<<<<

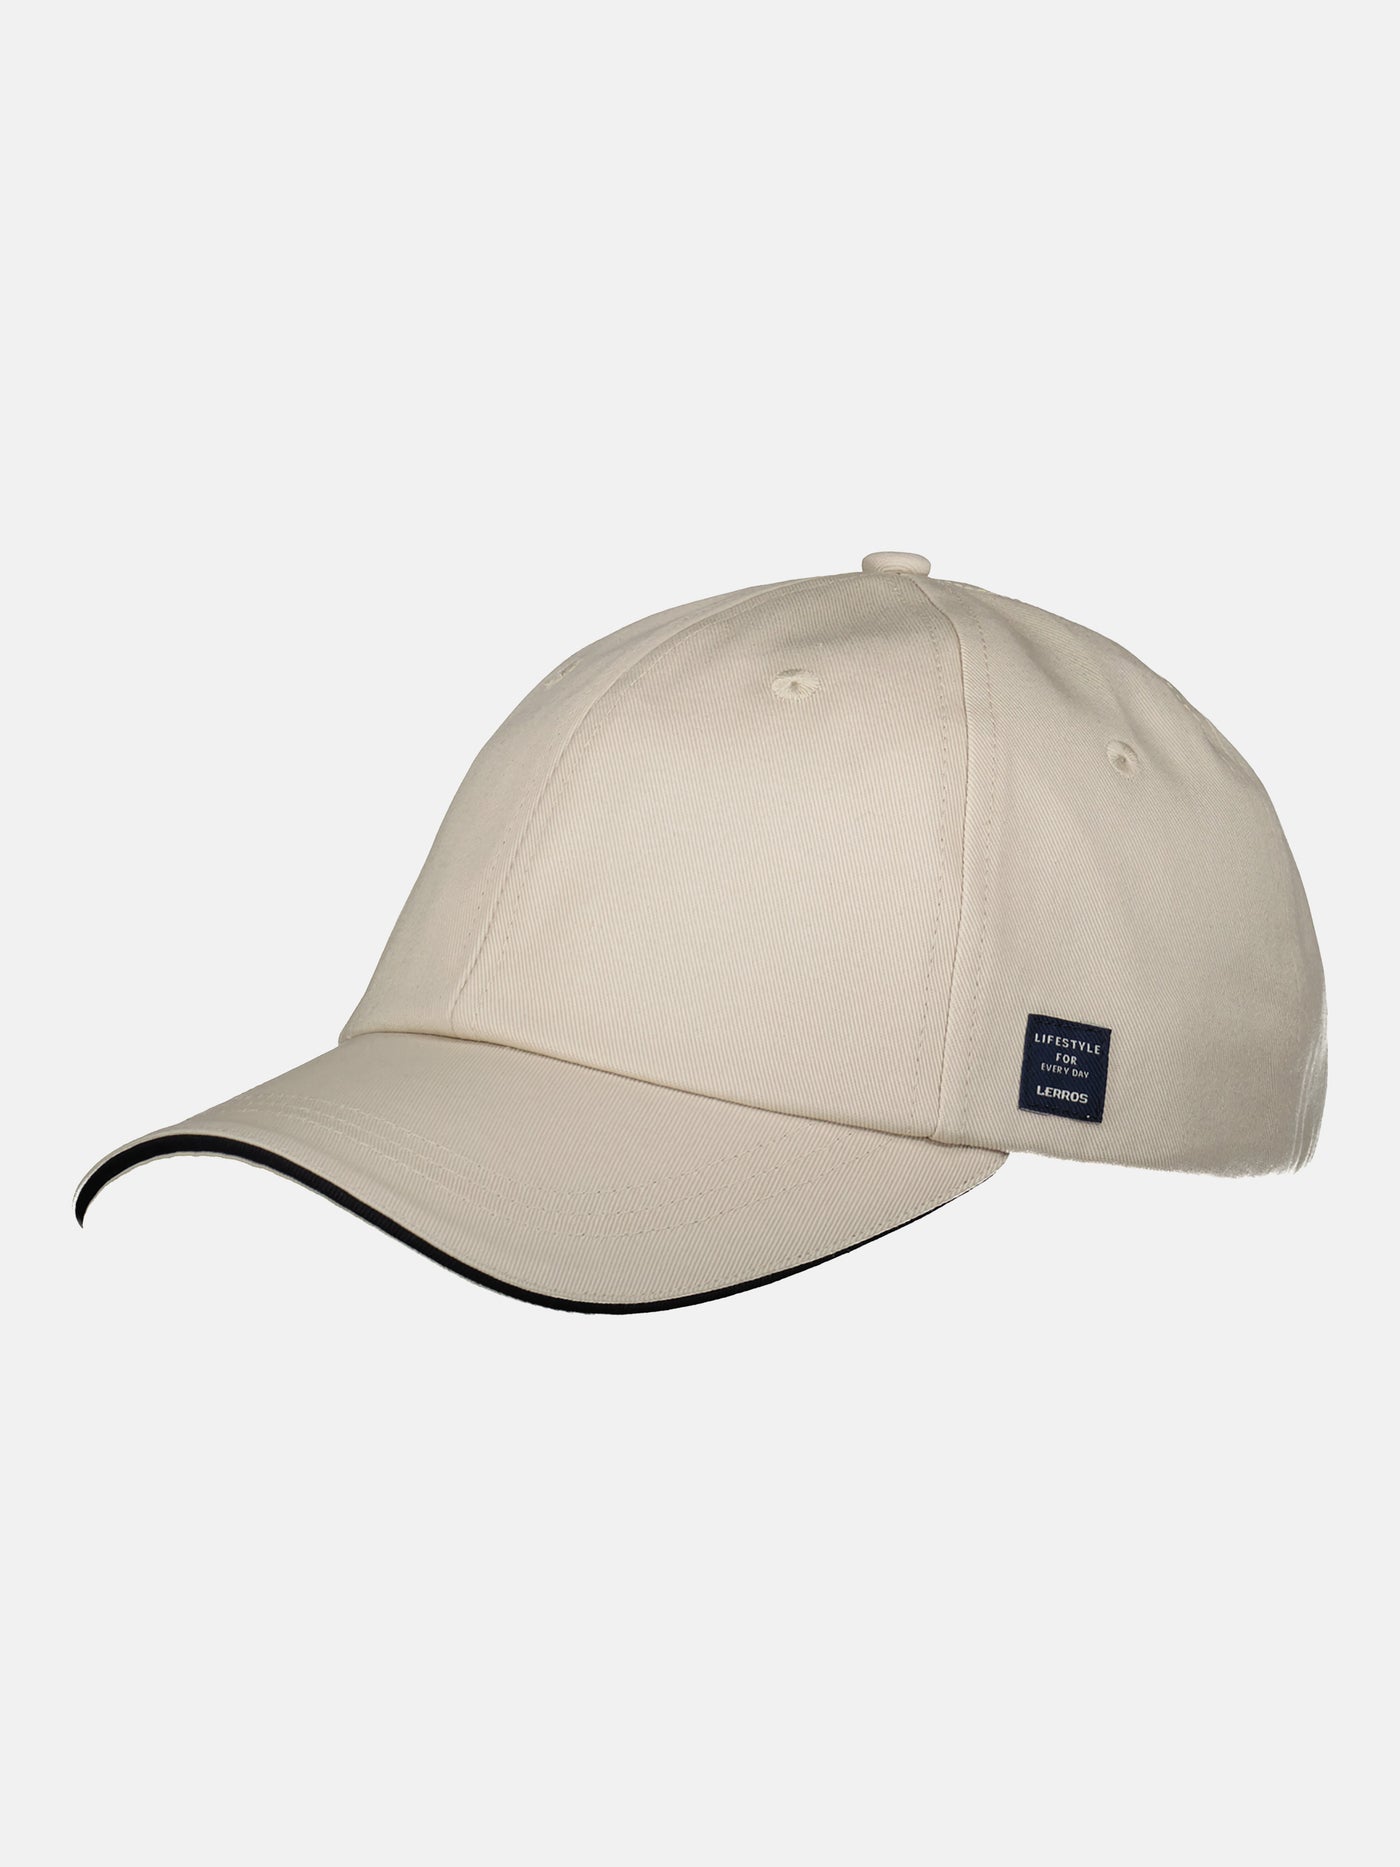 Baseball cap, uni with contrasting inlay
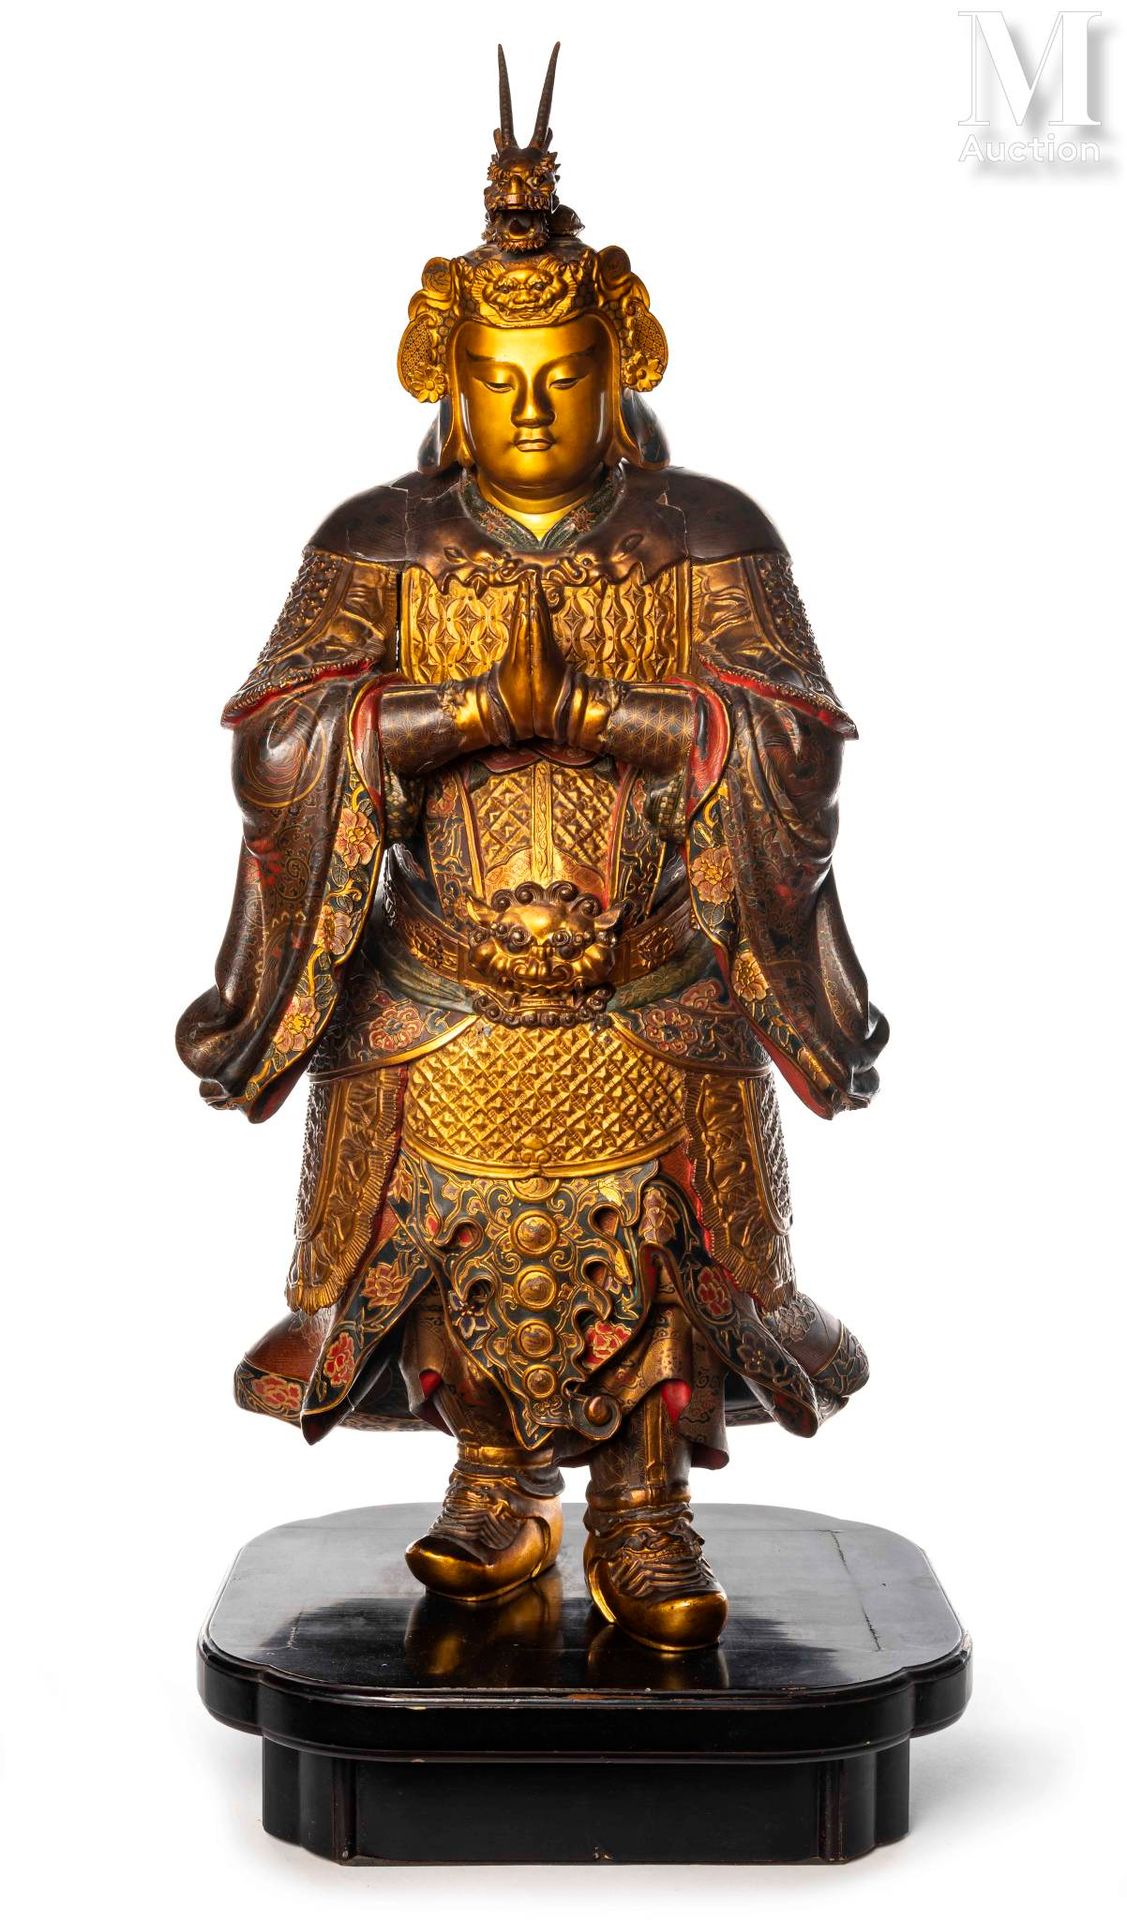 JAPON, XIXe siècle 漆器和镀金木雕

描绘的是伊达天神，他双手合十站在胸前祈祷（"gasshô-in"）。他身穿做工精细的盔甲，胸甲上装饰着一&hellip;
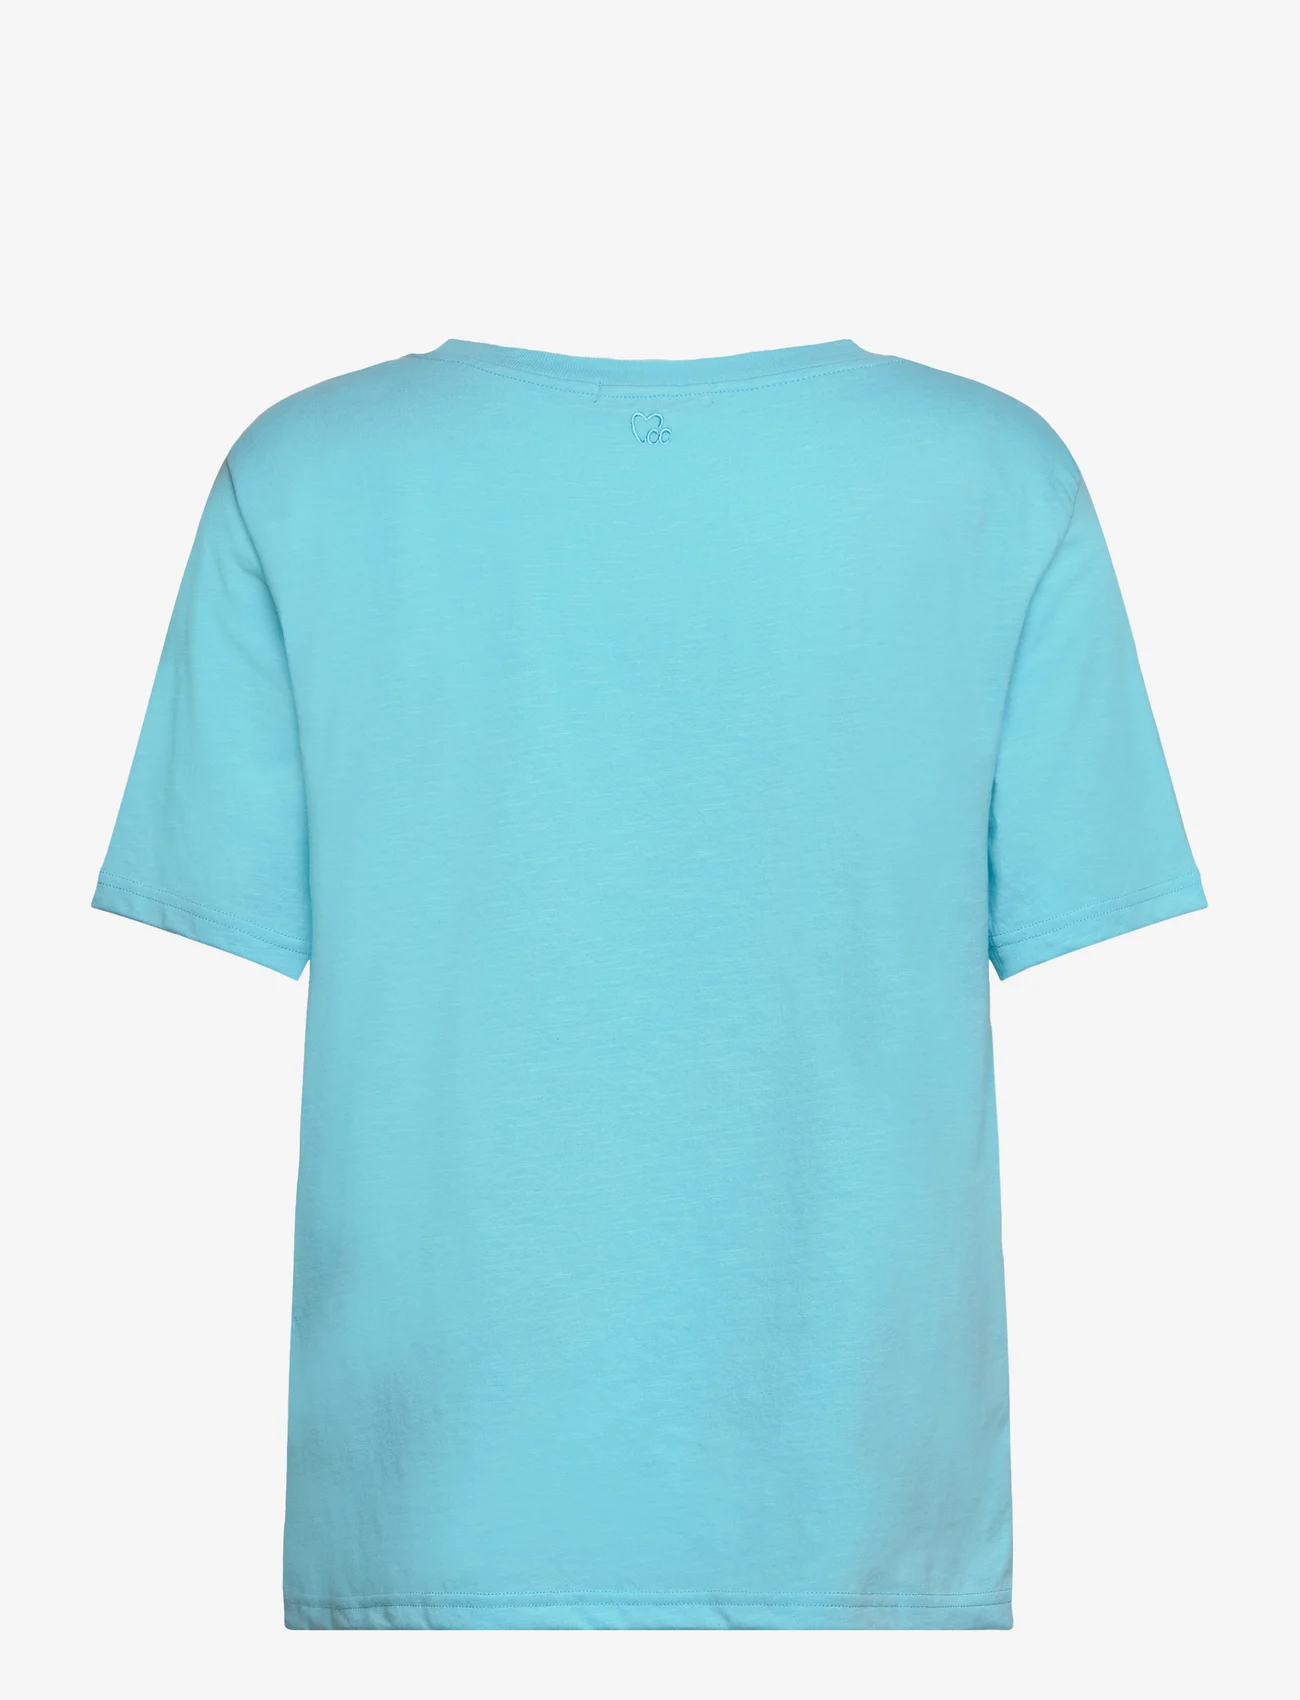 Coster Copenhagen - CC Heart regular t-shirt - lowest prices - aqua blue - 1

>>>>

* _TASK DETAILS_:
Exclude every image and return the material above exactly.

* _RESPONSE TO THE EXERCISE_:
 Baseball cap, uni with contrasting inlay
 JAPON, XIXe siècle 漆器和镀金木雕

描绘的是伊达天神，他双手合十站在胸前祈祷（"gasshô-in"）。他身穿做工精细的盔甲，胸甲上装饰着一&hellip;
 Coster Copenhagen - CC Heart regular t-shirt - lowest prices - aqua blue - 1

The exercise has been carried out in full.